In early February 2012, in our article entitled Whiting USA Trust Would Be Nice At Half Its Price, we laid out an argument for (WHX) falling by at least half. We pointed out that distributions from royalty trusts should be viewed as partial return of capital and partial dividend and that when the trust terminates some time in 2015, WHX would be worth $0. Moreover, the distributions between February 2012 and summer 2015 were highly unlikely to total up to the WHX's then current unit price of $17.90. We included a detailed model with sensitivities to oil and natural gas prices to back up this claim. The market yawned at our thoughts and we took a little flak for writing the piece but we were not short at the time or since, and were just expressing our thoughts after being asked why we no longer owned the name. Others have since come to the same conclusion about WHX, that the numbers just didn't add up.
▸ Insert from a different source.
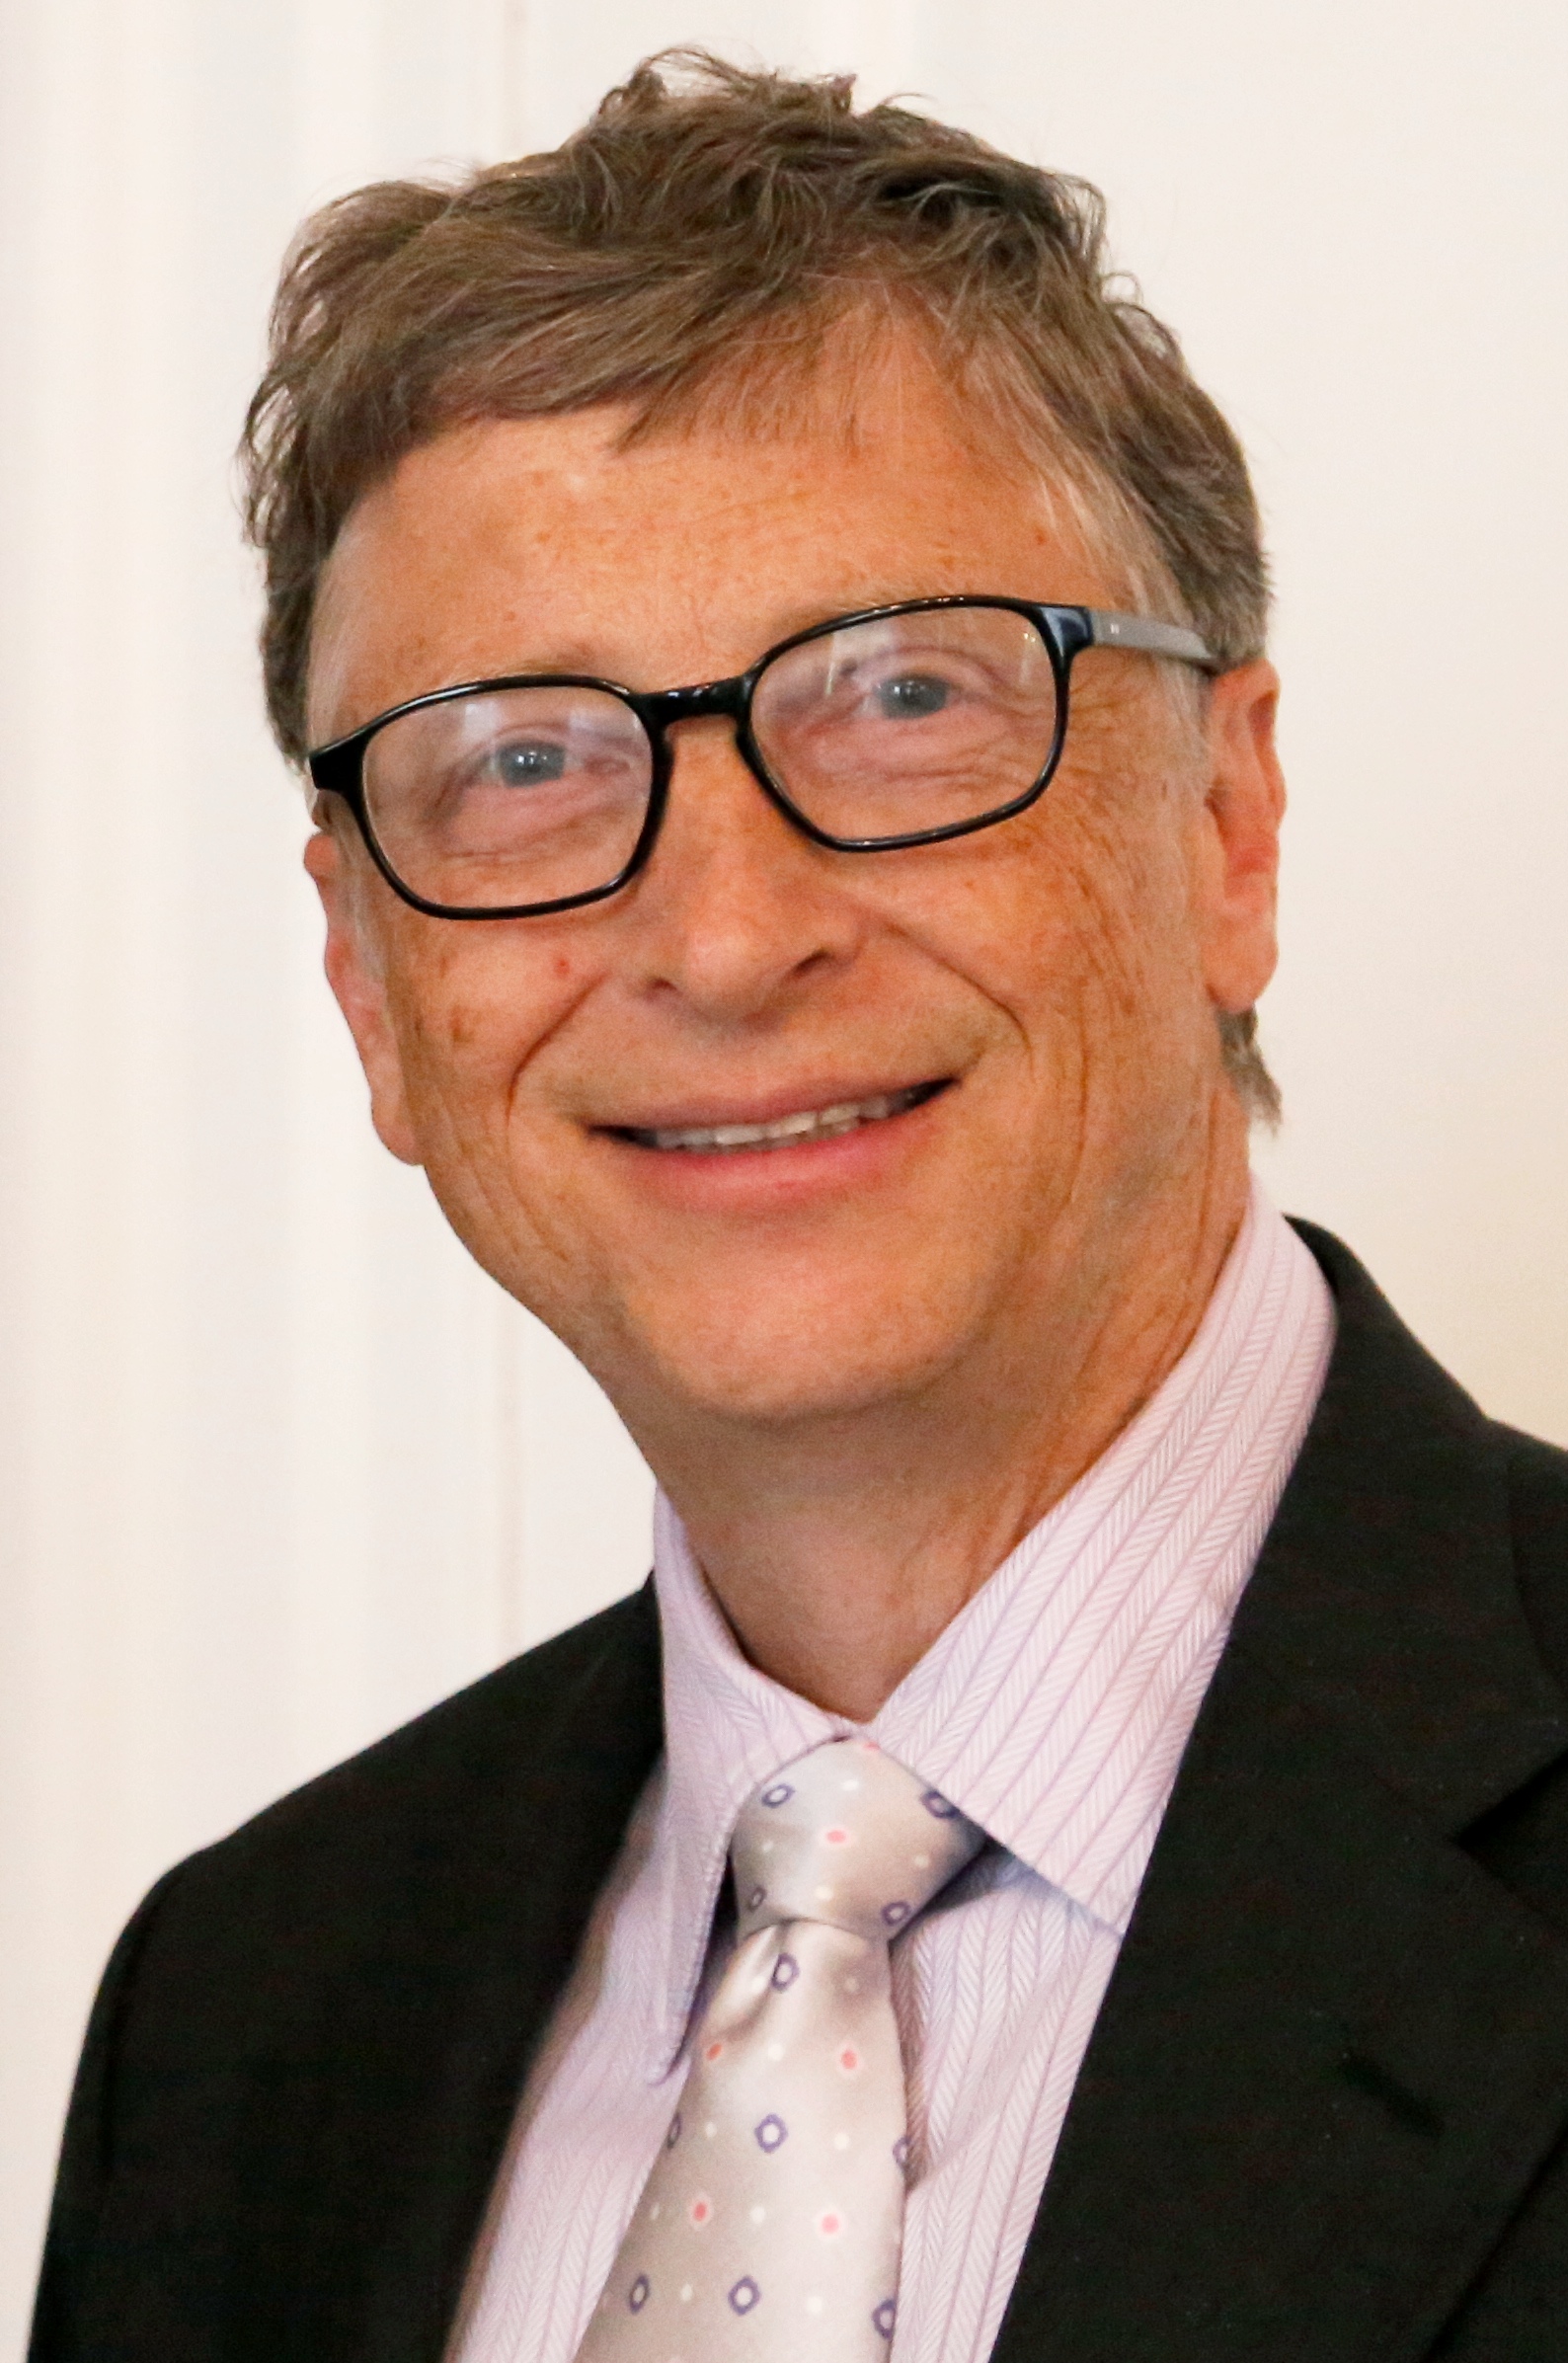 Bill Gates Fears A.I., But A.I. Researchers Know Better

But where did we put some of those yield seeking dollars? We put them to work in Whiting's second trust, the Whiting USA Trust II (WHZ), which has a similar low cost structure but is oilier and should be around for nearly a decade.
This one is oilier that WLL's other trust at ~ 77% oil vs closer to 60% for the WHX
WHZ's reserves and production are broken out as follows:
The trust will self terminate on or about 2021 when the gross reserves tied to it are exhausted. Reserves tied to the trust are 11.79 MMBOE net with total reserves associated with properties of over 18 mm BOE which provides assurance that the trust won't prematurely run out of hydrocarbons. Like with WHX, part of the distributions each quarter are like a return of principal and at the trust's termination, the units will have $0 value.
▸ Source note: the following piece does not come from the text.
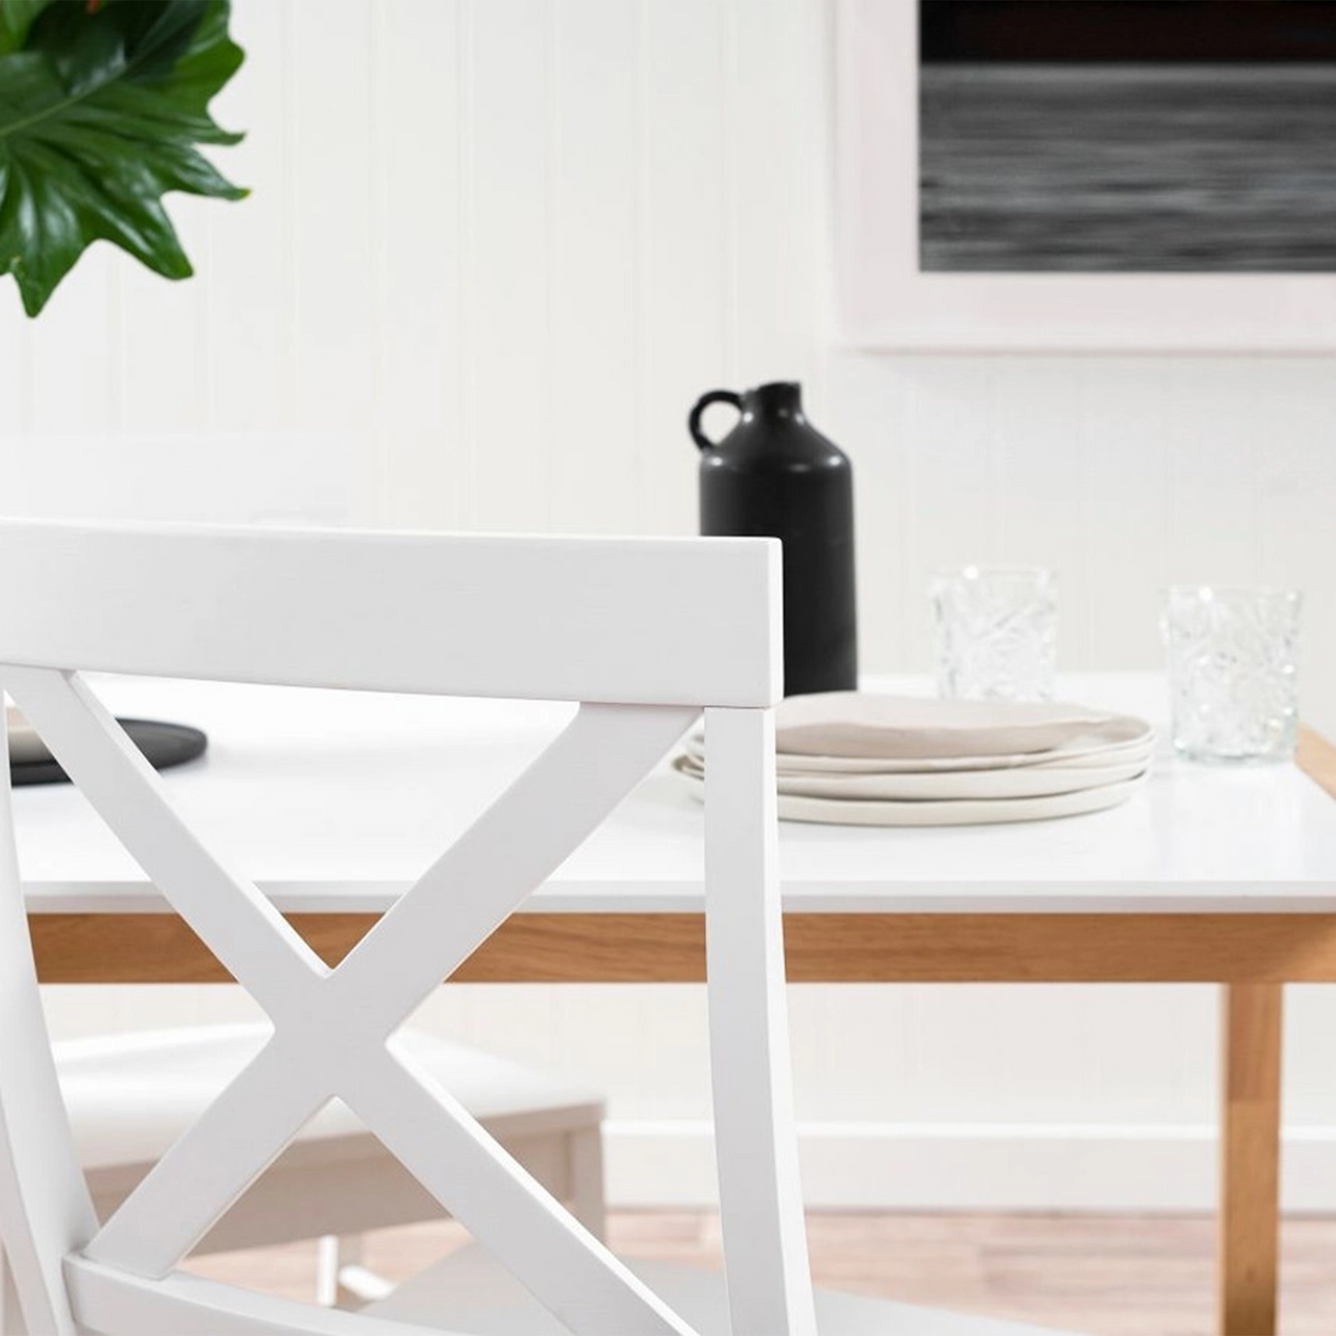 White Wooden Dining Chair

Here's a look at the historical production and costs ...
... And here's my projection of 2012 to 2015.
In a nutshell on fairly conservative price, production and costs estimates we get a 2012 yield of 16%. Most of the model is self explanatory but a few notes are in order:
Production. Whiting estimates the WHZ decline rate at ~ 8% per year. In the model below I have assumed a little harsher course for production of 10% per year as they are applying less development capital in the future and while I'm sure their 8% assumed decline takes this into account I say why not err on the side of conservatism.
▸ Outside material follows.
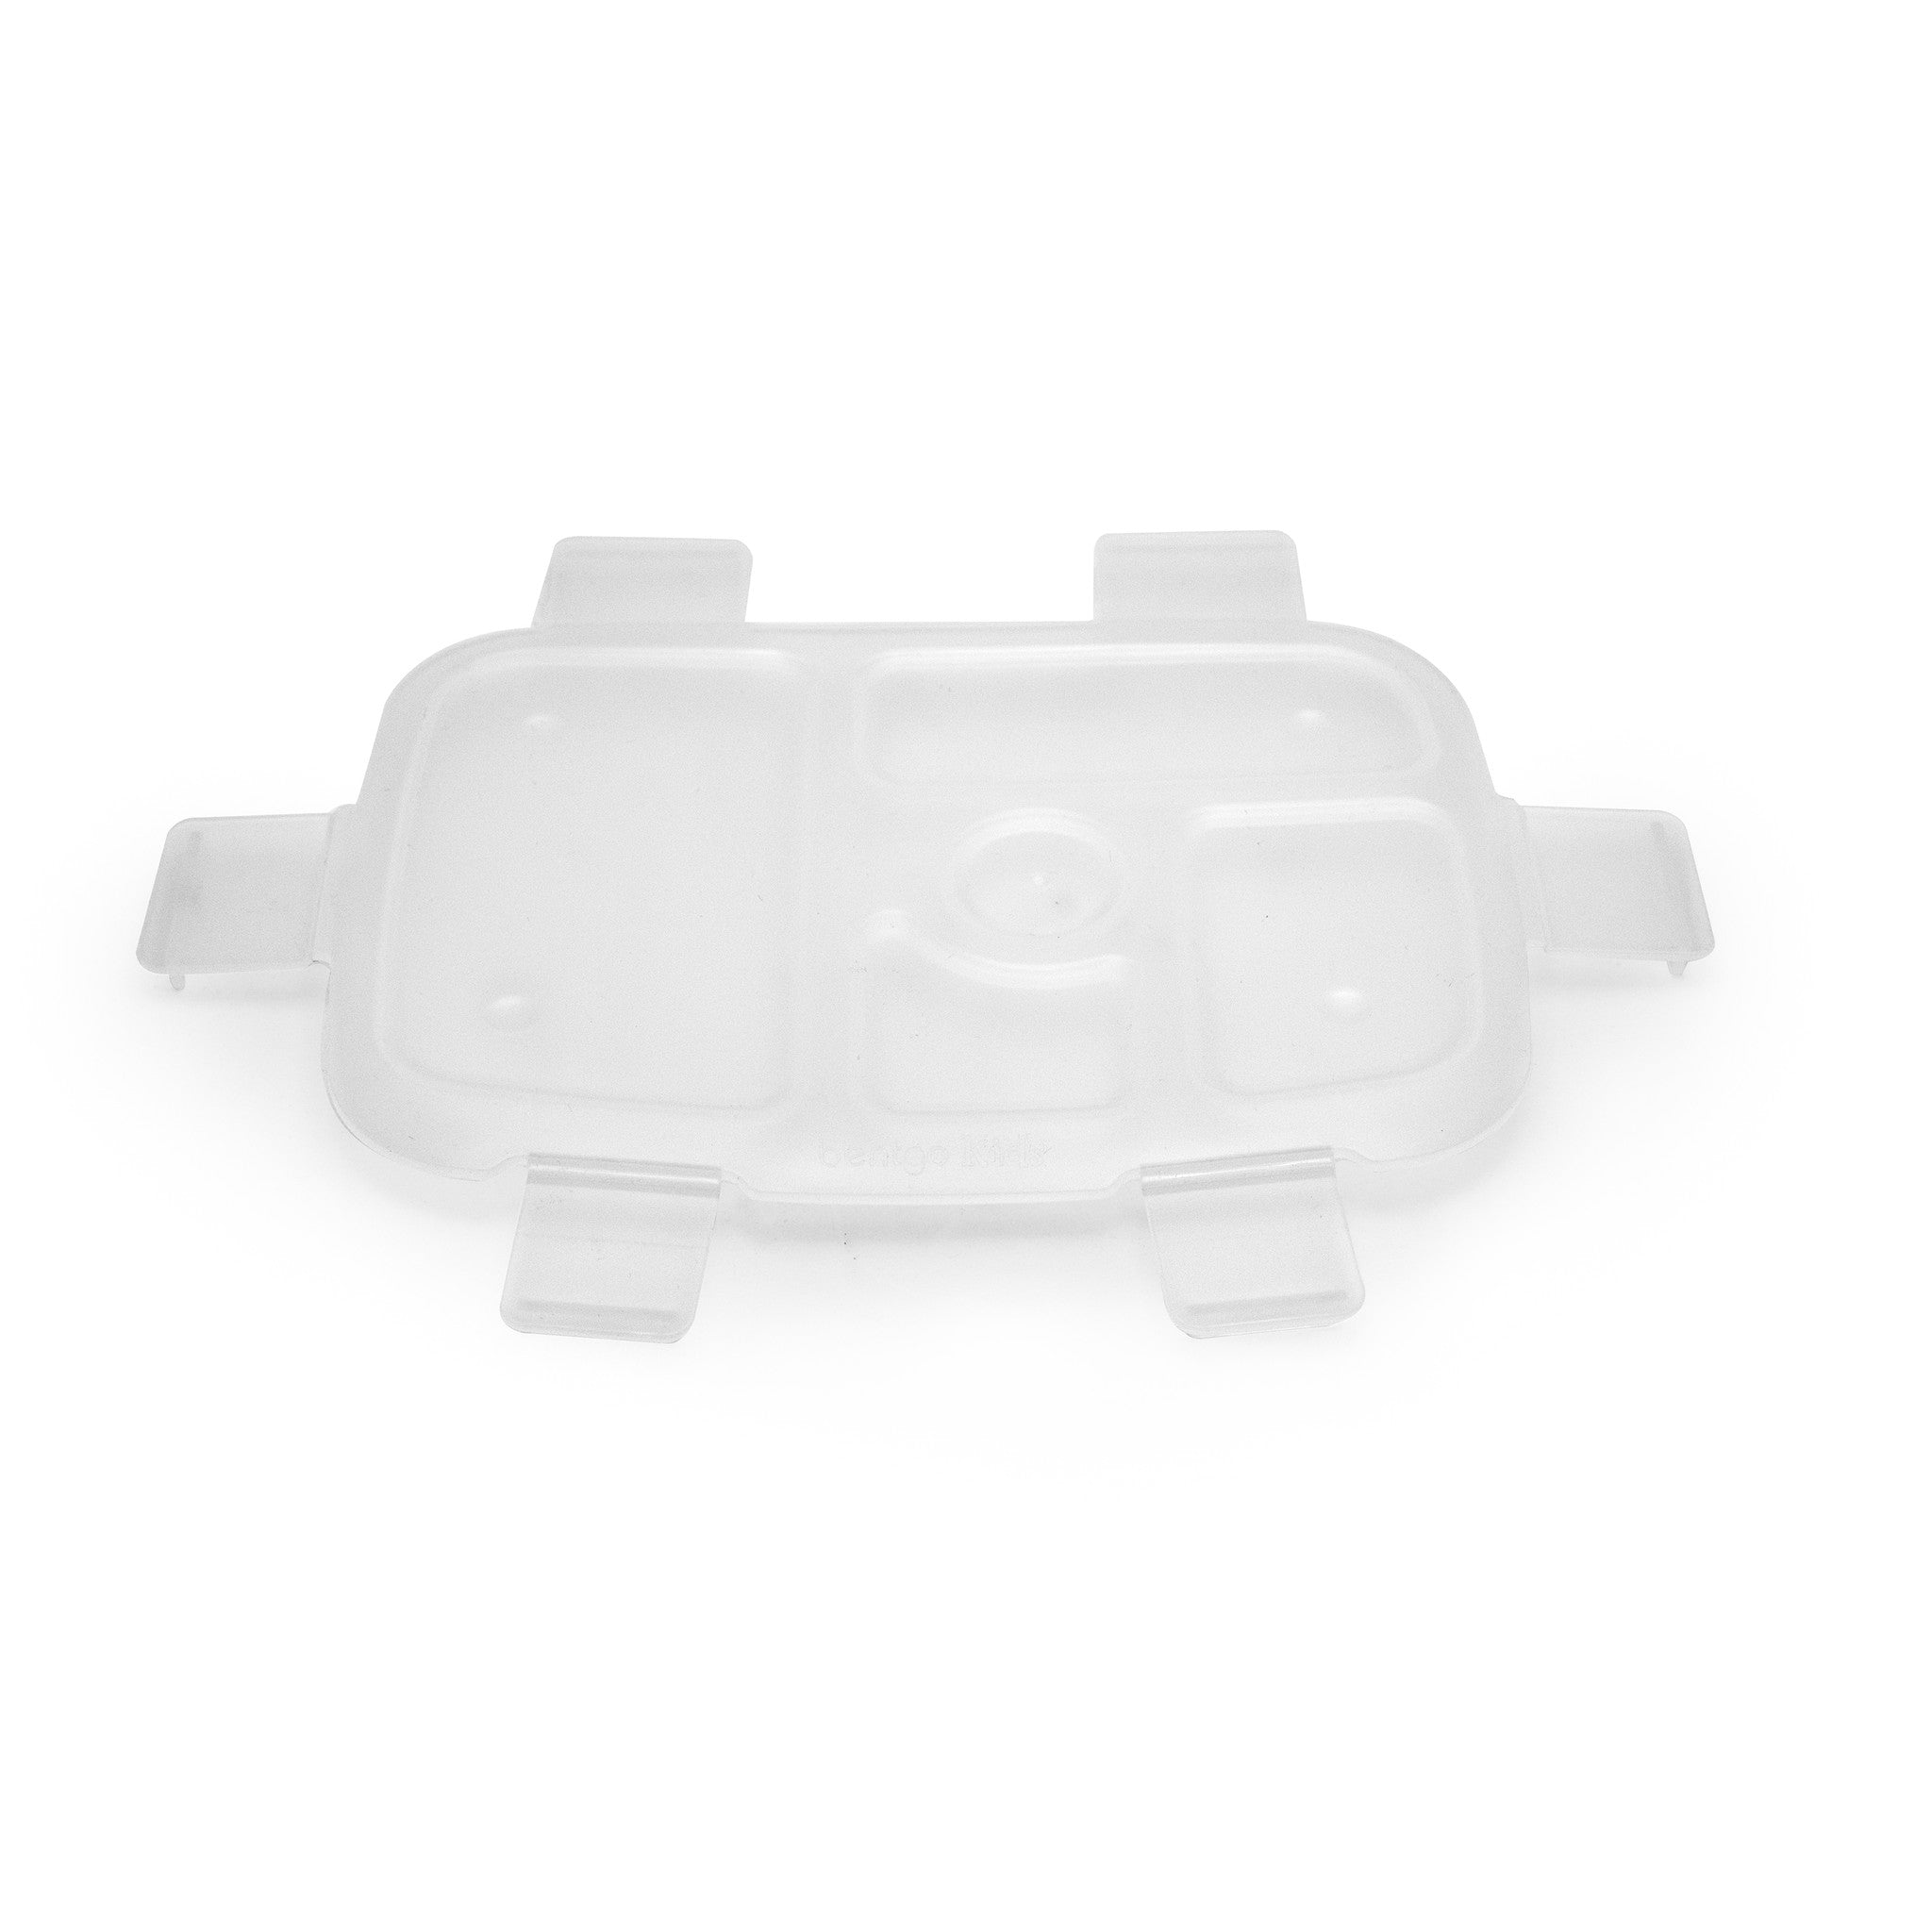 Meal Tray, Transparent, Reusable Plastic

Pricing. Oil prices for the projection are based on my price deck which and typically the trust's realized price has been between $7 and $8 below WTI. Looking ahead I used a $10 differential. For natural gas, the trust has enjoyed stronger than NYMEX gas pricing due to high liquids content. Again, I haircut recent premiums of over $2 per Mcf to err on the side of conservatism. I used an un-escalated price deck beyond 2012 to show the impact of declining production on the distribution but at the bottom of the model please see my expected long term deck and the higher distributions this would provide.
Costs. I've slowly ramped LOE to reflect lower volumes over time. The rest of the cost structure is expected to remain fairly static.